───── Data shown
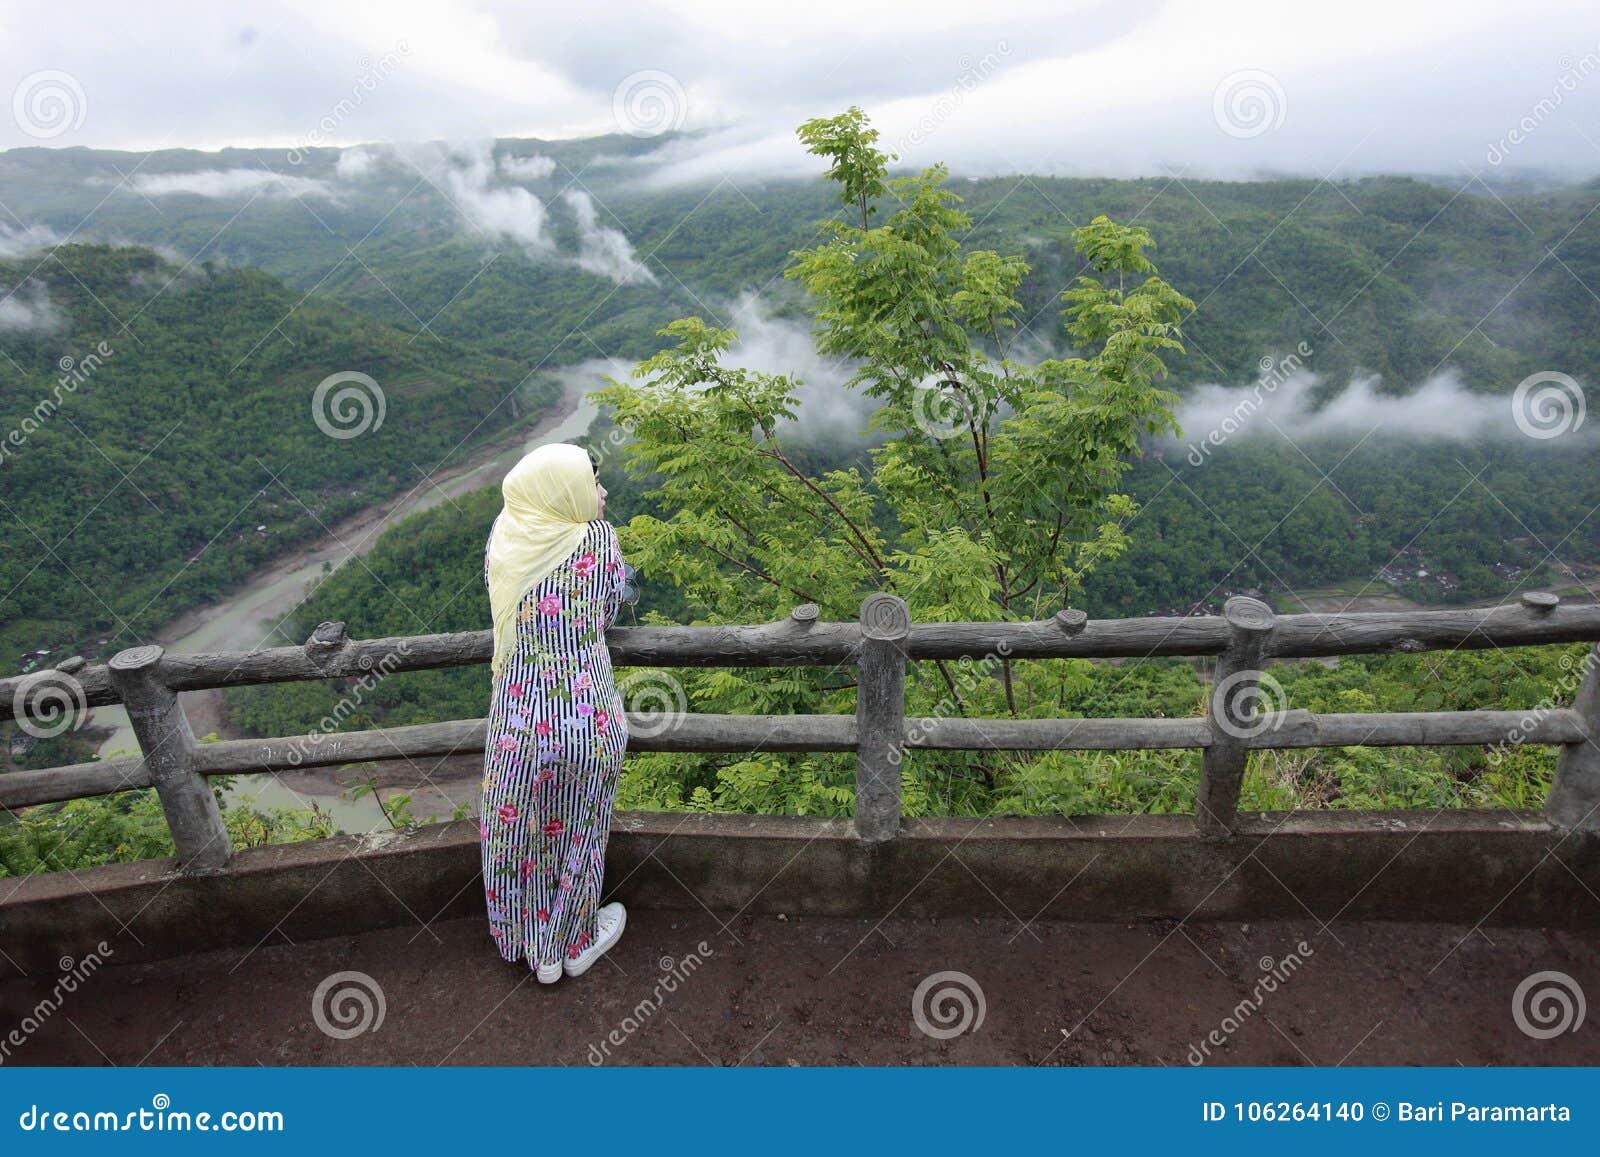 muslim women enjoy holiday cool nature mangunan bantul indonesia young yogyakarta traveling to natural scented place 106264140
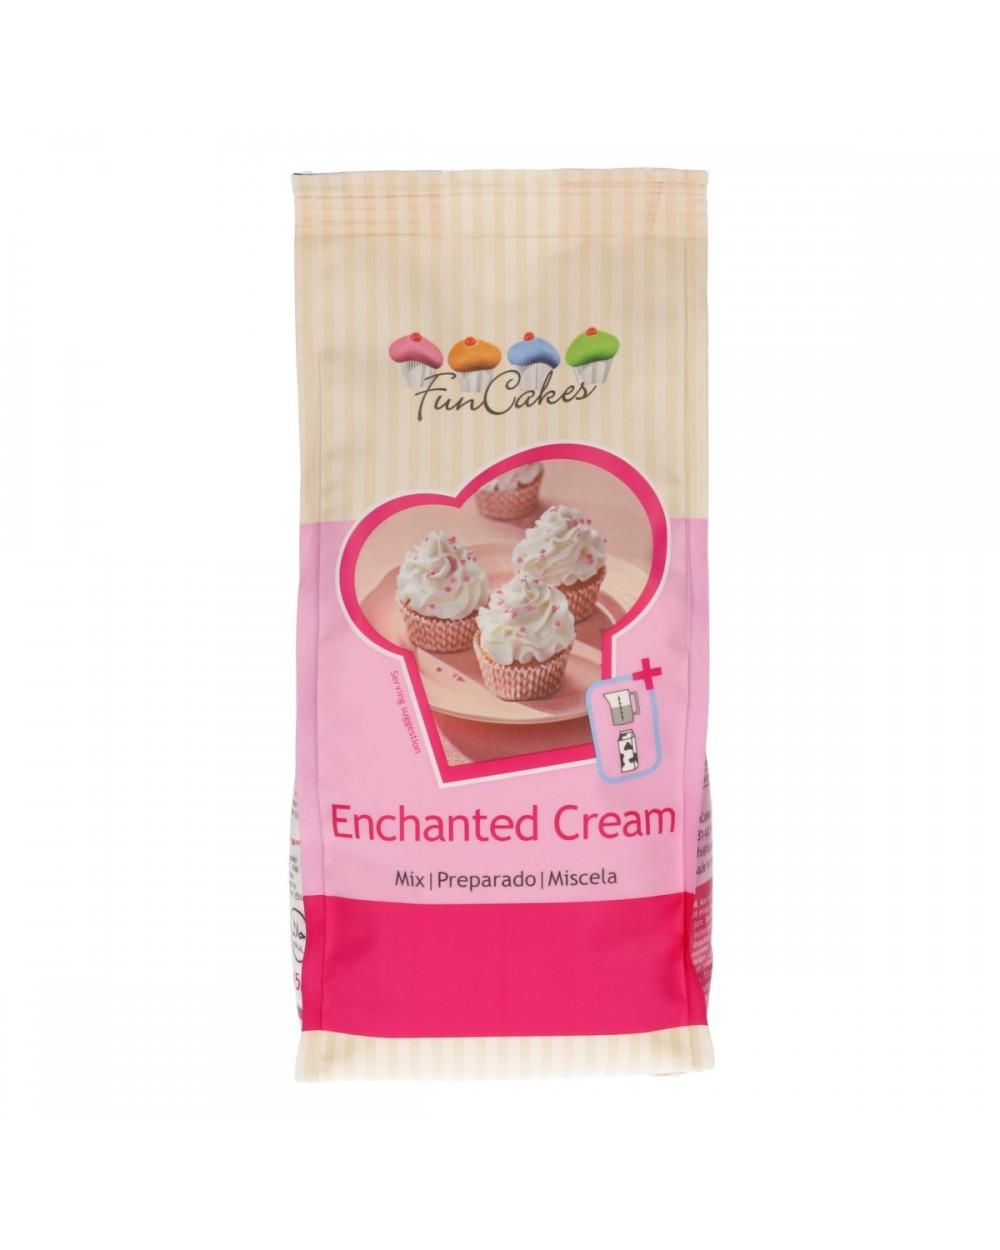 FunCakes Enchanted Cream 450g+
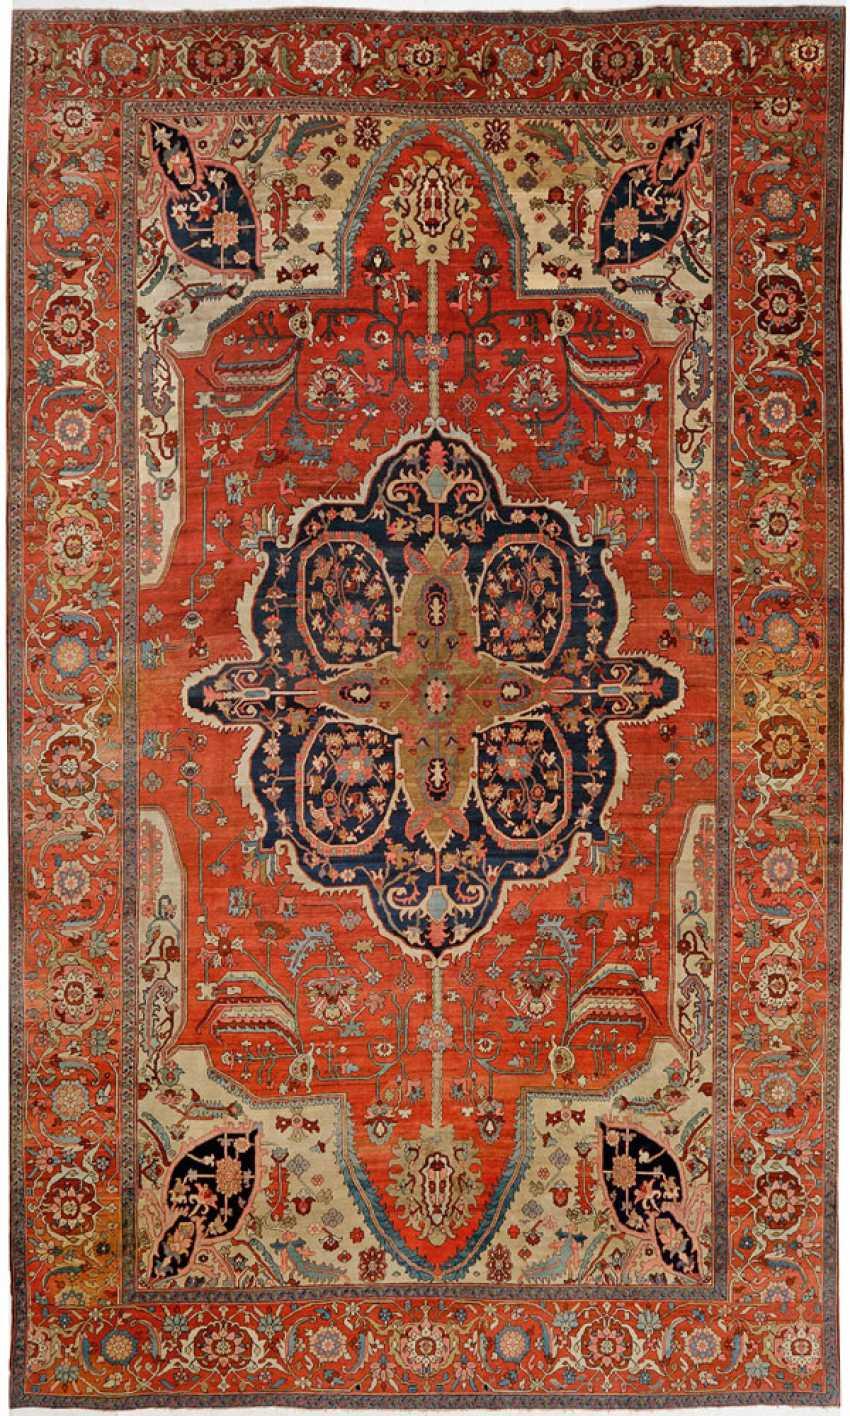 Very rare antique oversize Heriz carpet - photo 1
──────────
■ **Exercise details**:
Print the preceding material over again exactly. Please leave the pictures out.

■ **Task result**:
 muslim women enjoy holiday cool nature mangunan bantul indonesia young yogyakarta traveling to natural scented place 106264140
 FunCakes Enchanted Cream 450g+
 Very rare antique oversize Heriz carpet - photo 1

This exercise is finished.